*Problem to work on*: When you repeat the material, keep each line exact and omit the pictures.

*Supplied information*:
-*-*-
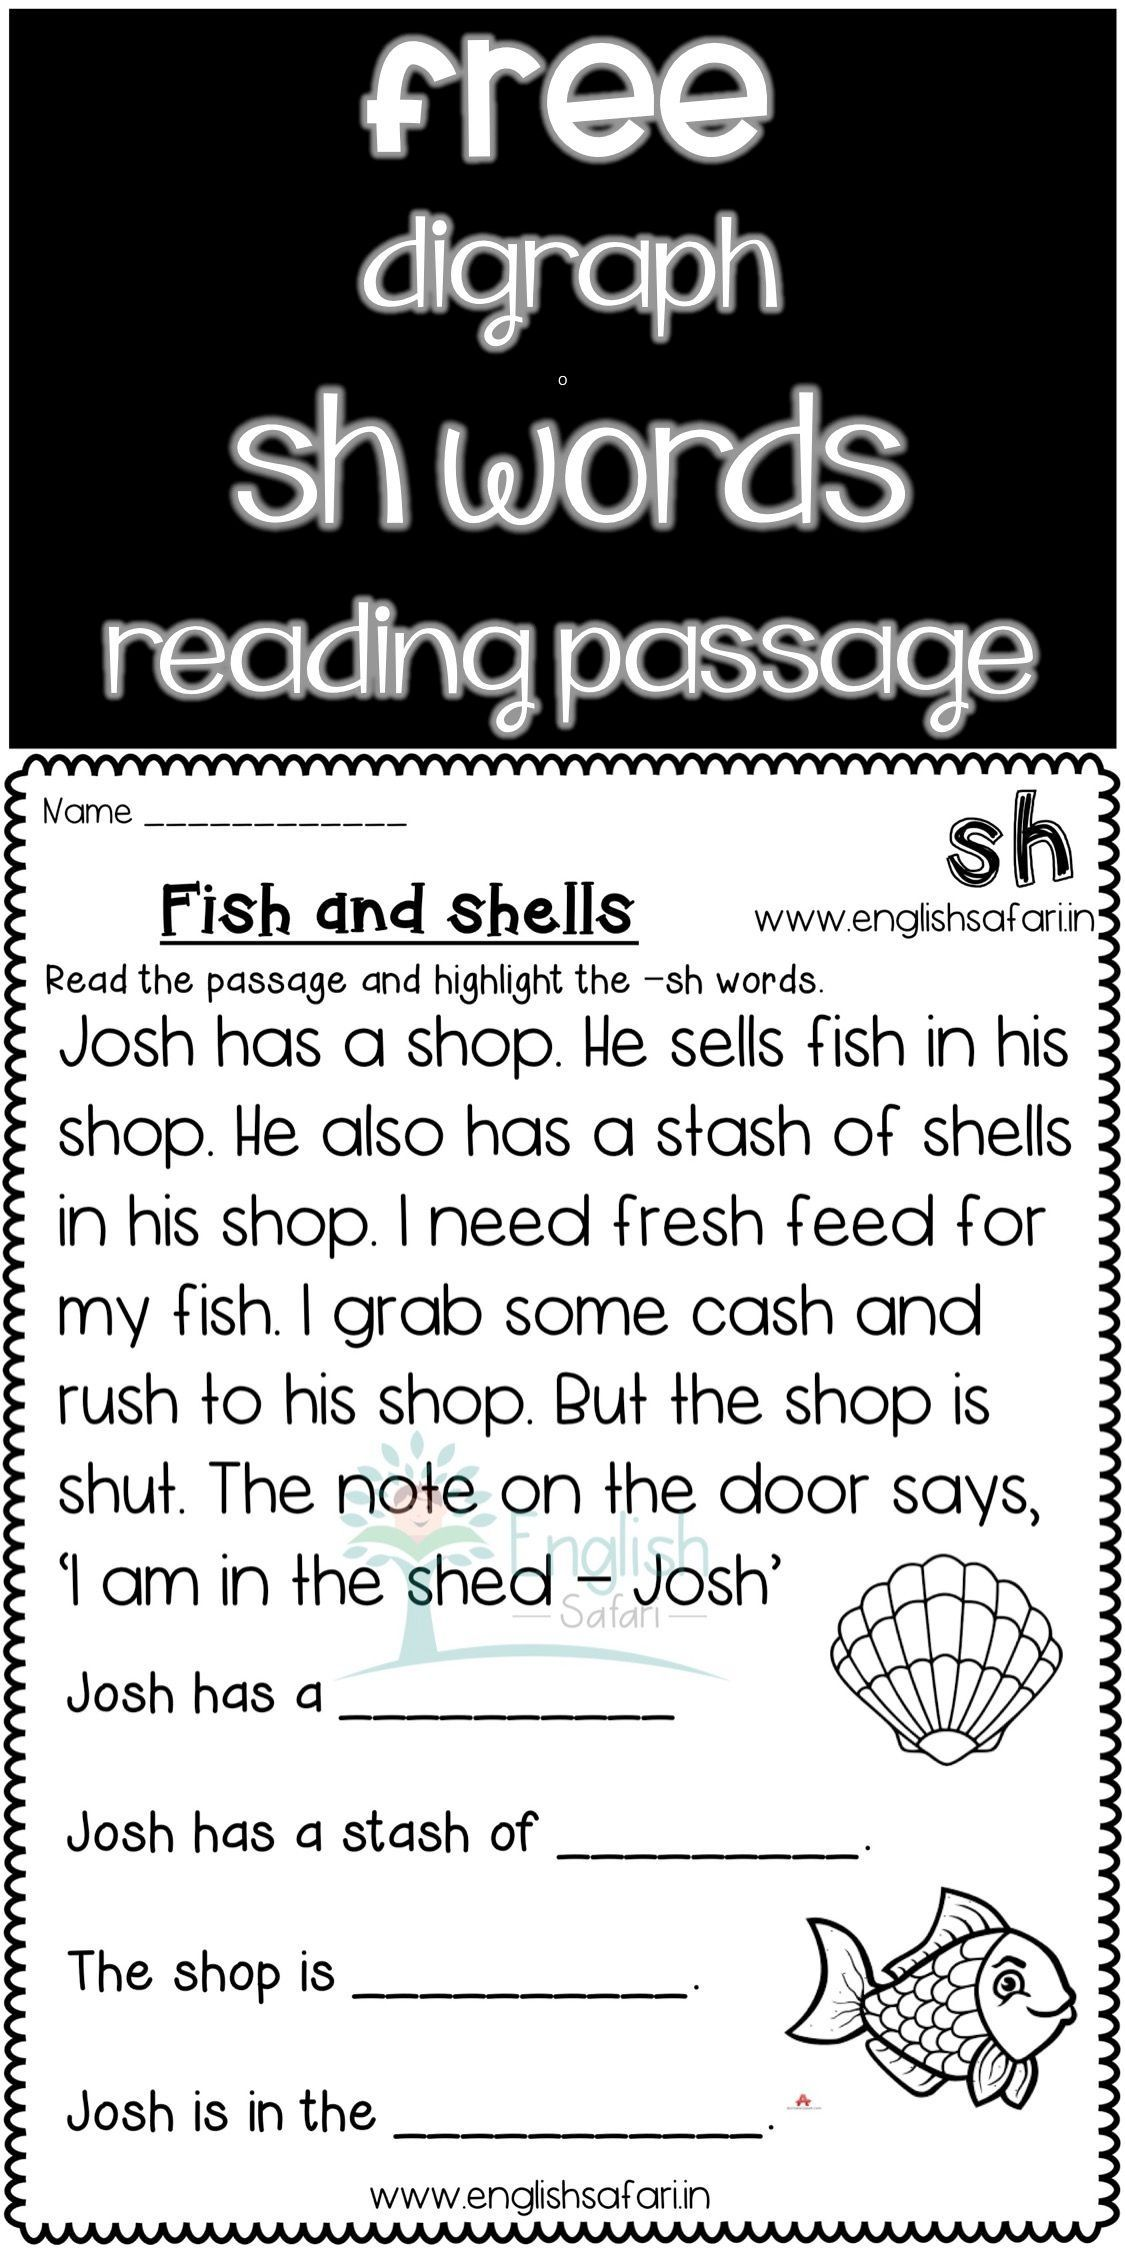 Free Sh Words Reading Comprehension Www Worksheetsenglish Com Reading Fluency Phonics Reading Passages Reading Comprehension Passages Free [ 2249 x 1125 Pixel ]
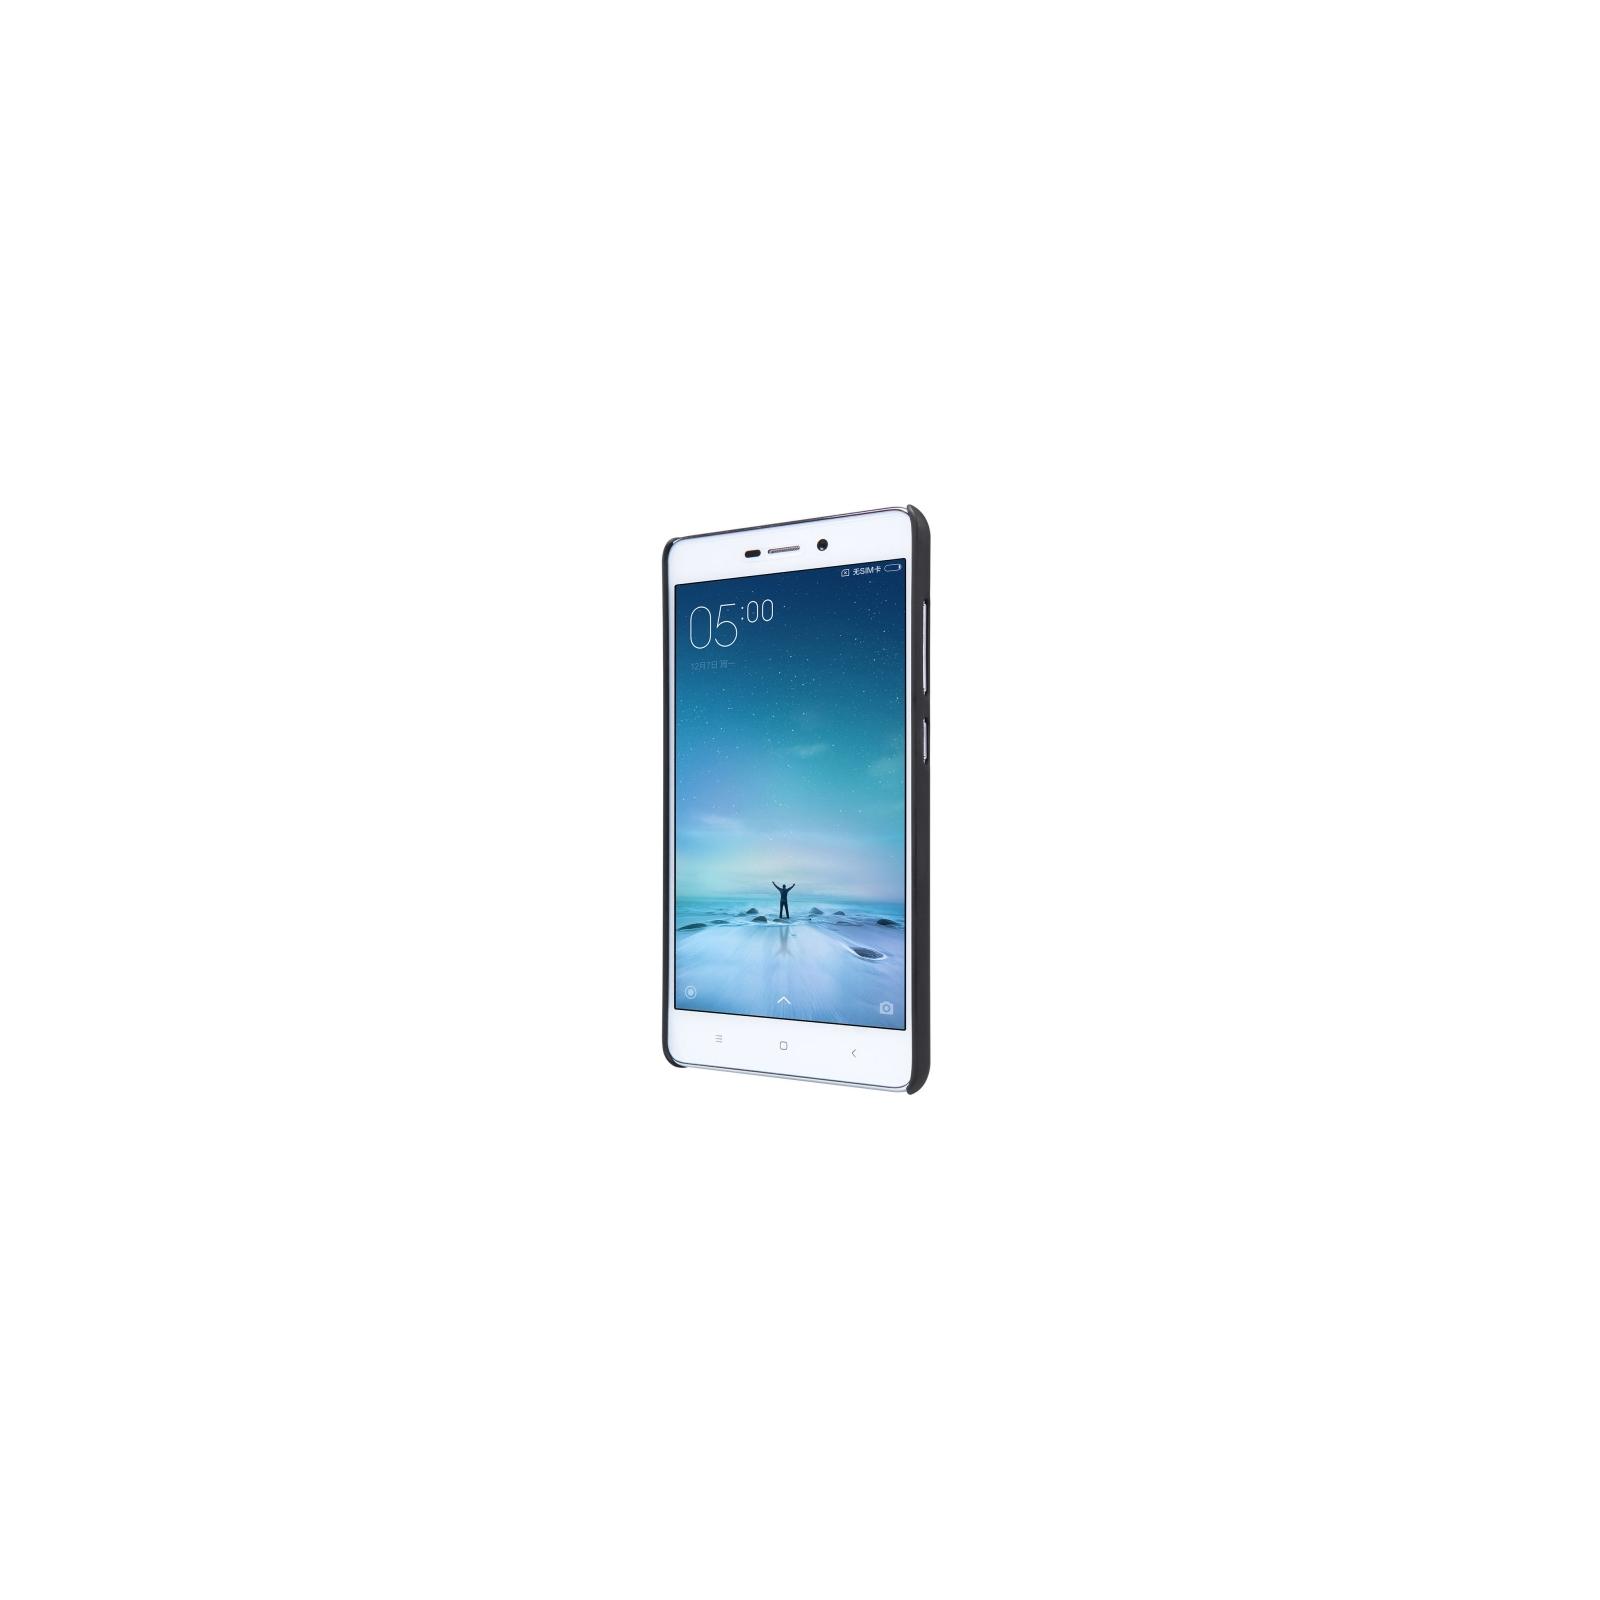 Чехол для моб. телефона NILLKIN для Xiaomi Redmi3 - Super Frosted Shield (Black) (6274141) изображение 4
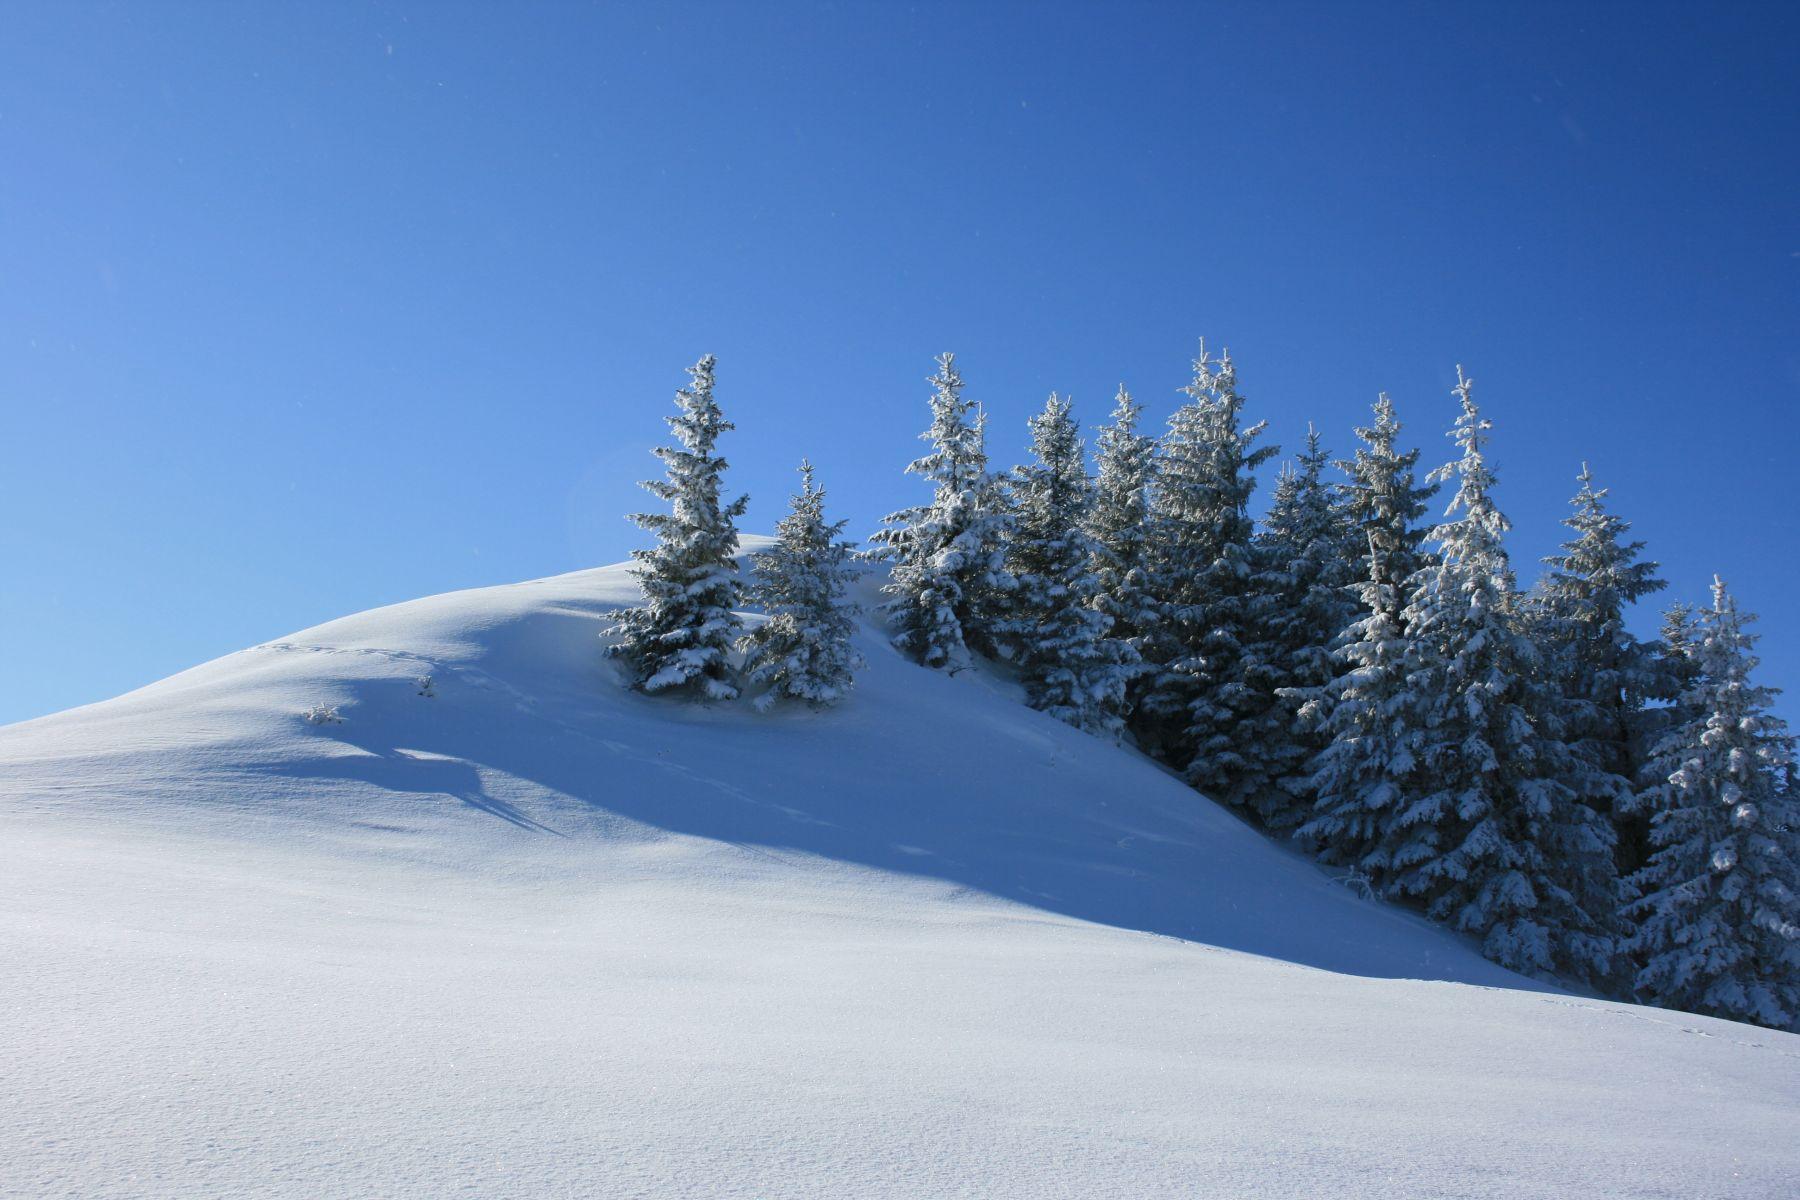 Sfondo paesaggio neve in montagna sfondi hd gratis for Sfondi desktop hd paesaggi
-*-*-
*Result for this task*:
 Free Sh Words Reading Comprehension Www Worksheetsenglish Com Reading Fluency Phonics Reading Passages Reading Comprehension Passages Free [ 2249 x 1125 Pixel ]
 Чехол для моб. телефона NILLKIN для Xiaomi Redmi3 - Super Frosted Shield (Black) (6274141) изображение 4
 Sfondo paesaggio neve in montagna sfondi hd gratis for Sfondi desktop hd paesaggi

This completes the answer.